Les auteurs du rapport appellent à un renforcement de la coopération entre :

  • Les développeurs de solutions d’IA
  • Les autorités publiques
  • Les services de sécurité
  • Les chercheurs

Ils recommandent notamment d’évaluer les dispositifs de protection face à des organisations structurées, et non uniquement face à des utilisateurs isolés. L’objectif serait de limiter la transformation des outils d’intelligence artificielle en instruments de violence.

Pour les entreprises technologiques, le défi consiste à trouver un équilibre entre l’accessibilité des outils et la prévention des usages malveillants, sans entraver le développement légitime de ces technologies.

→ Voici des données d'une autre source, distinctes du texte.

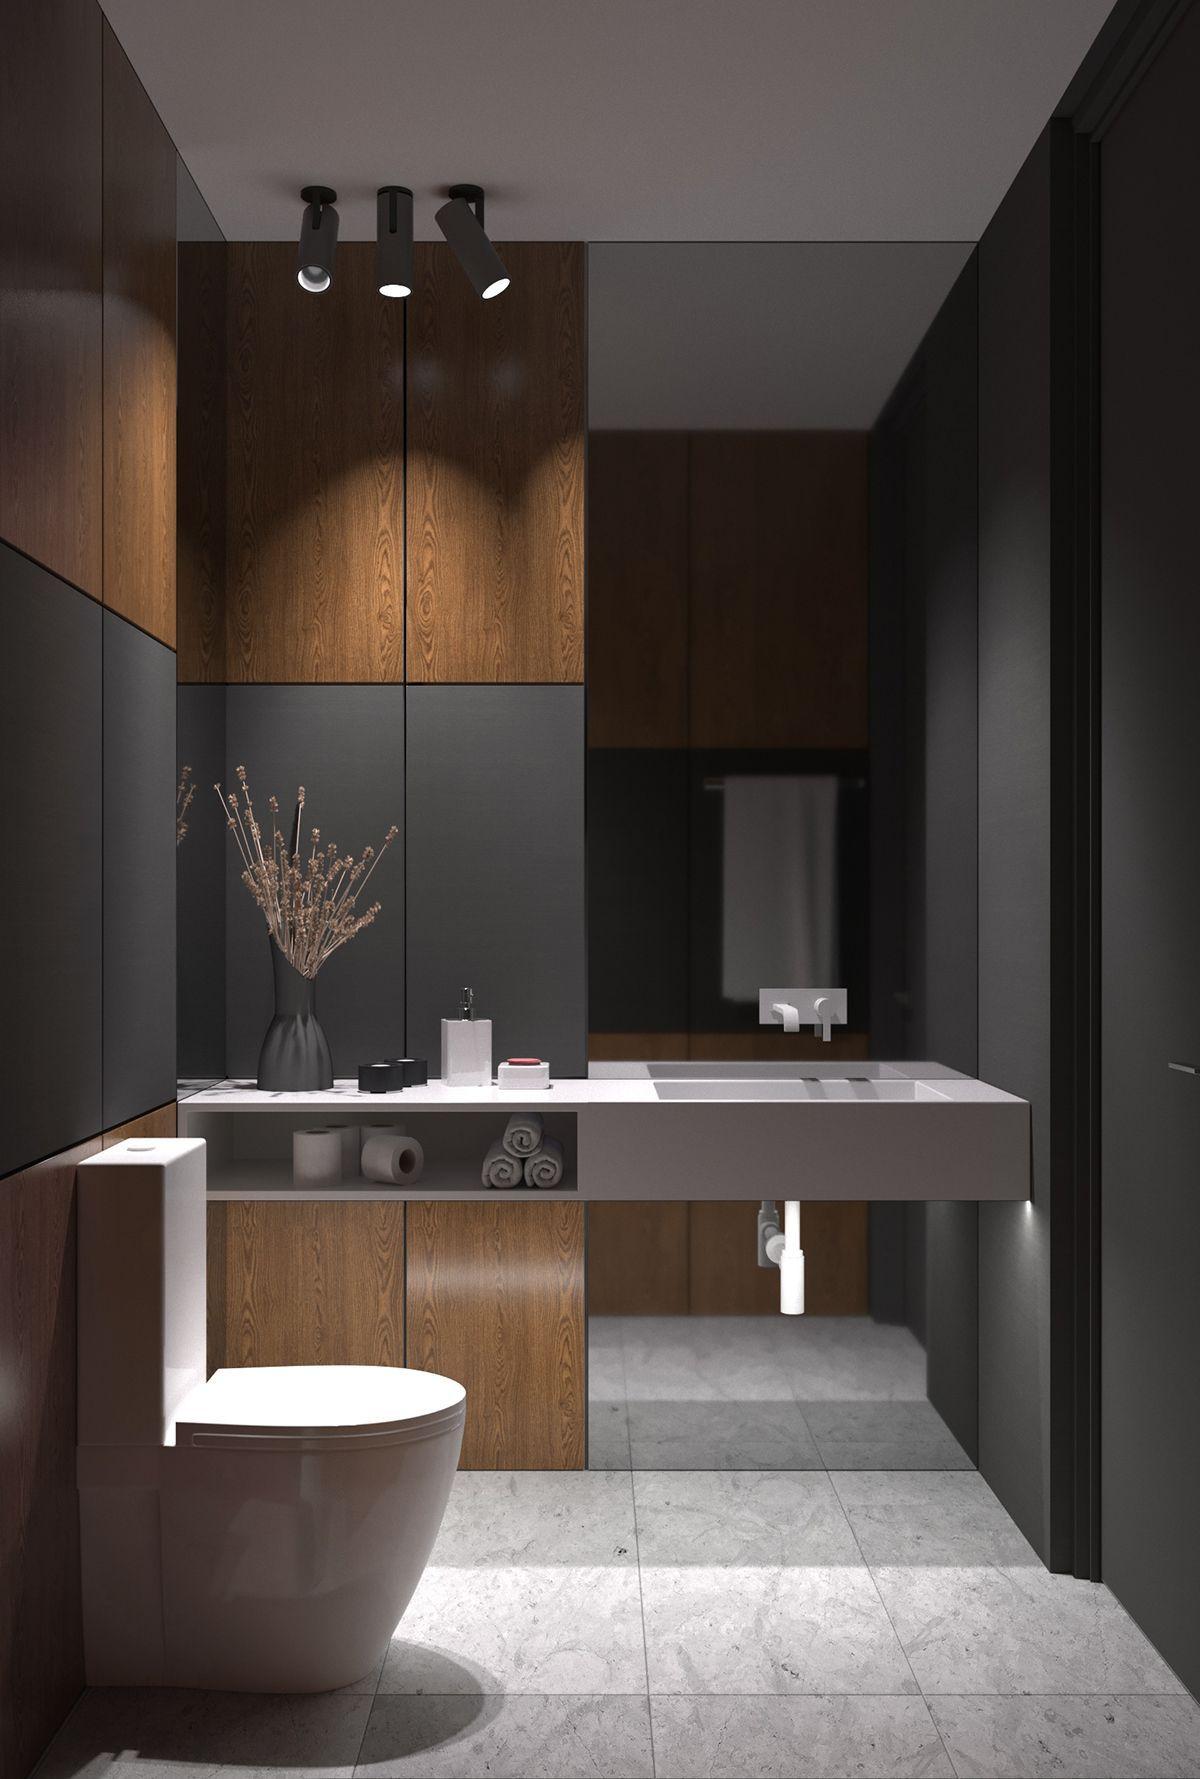 Badezimmerdesign 8 x 6 what have these lighting designs in common  interior  pinterest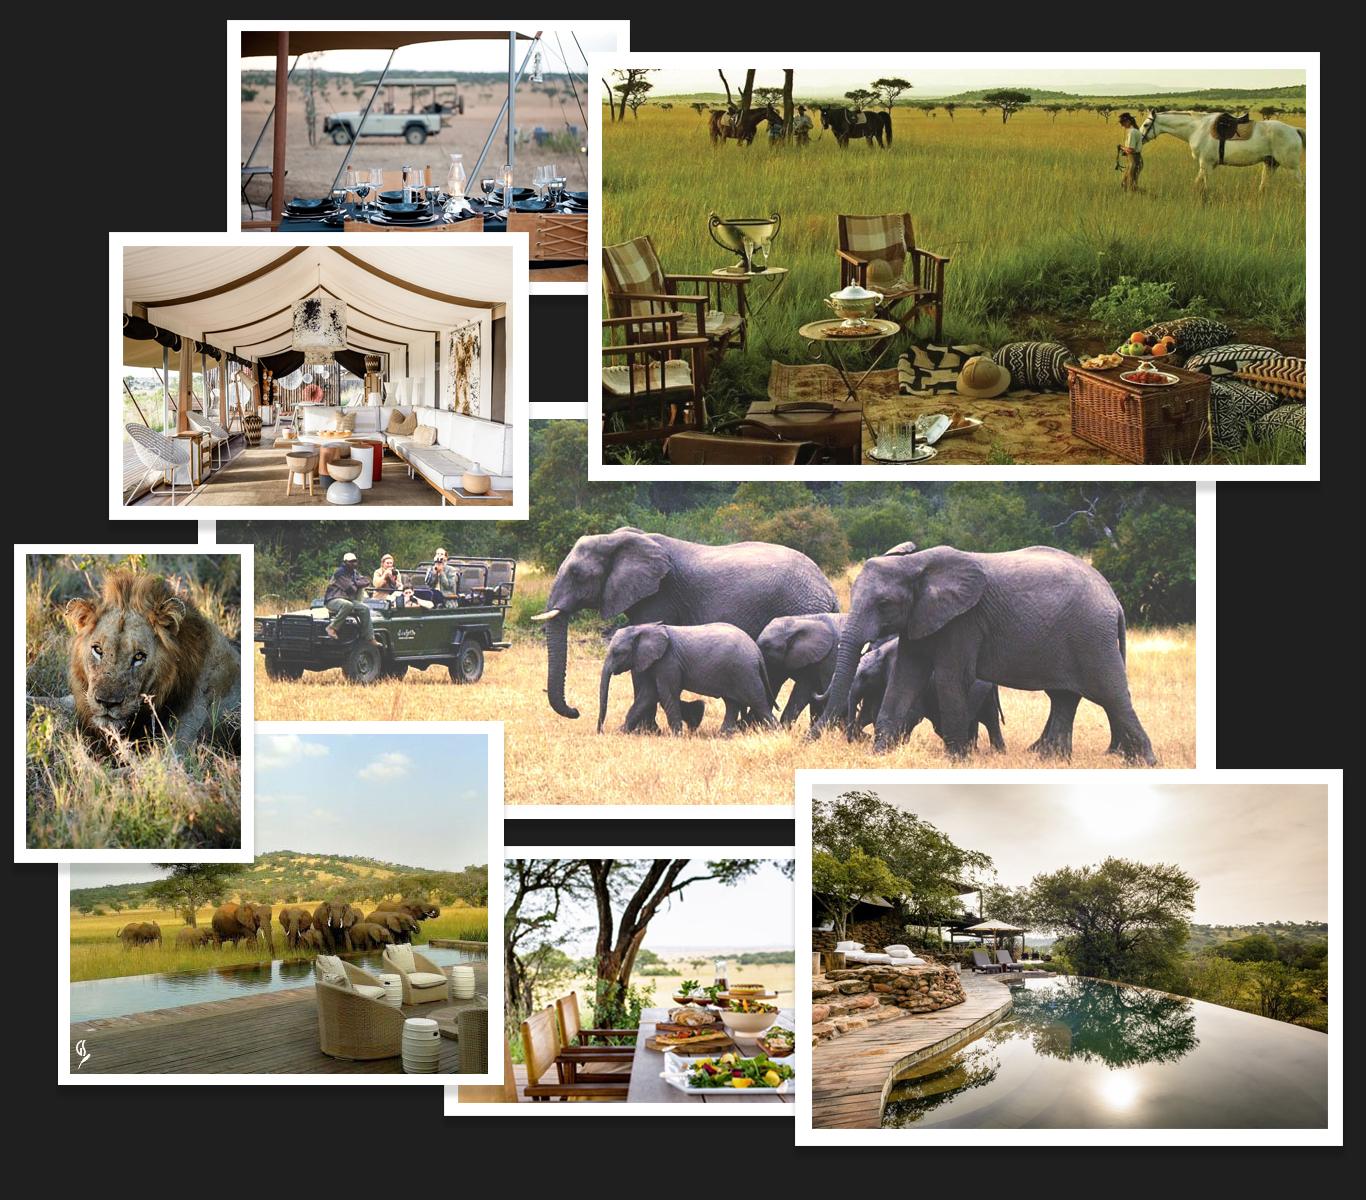 creations-luxury-travel-africa-safari.jpg

Une confiance croissante dans le potentiel de l’IA

Les factions de Boko Haram semblent accorder une grande confiance aux capacités de l’intelligence artificielle. Cette perception pourrait les pousser à investir davantage dans :

  • Les abonnements aux plateformes
  • Les équipements informatiques
  • La formation de nouvelles équipes spécialisées

La question n’est donc plus de savoir si ces groupes tenteront d’utiliser ces technologies, mais dans quelle mesure les mécanismes de sécurité pourront limiter leur impact. L’intelligence artificielle est devenue un enjeu majeur de la sécurité numérique et de la lutte antiterroriste au Sahel.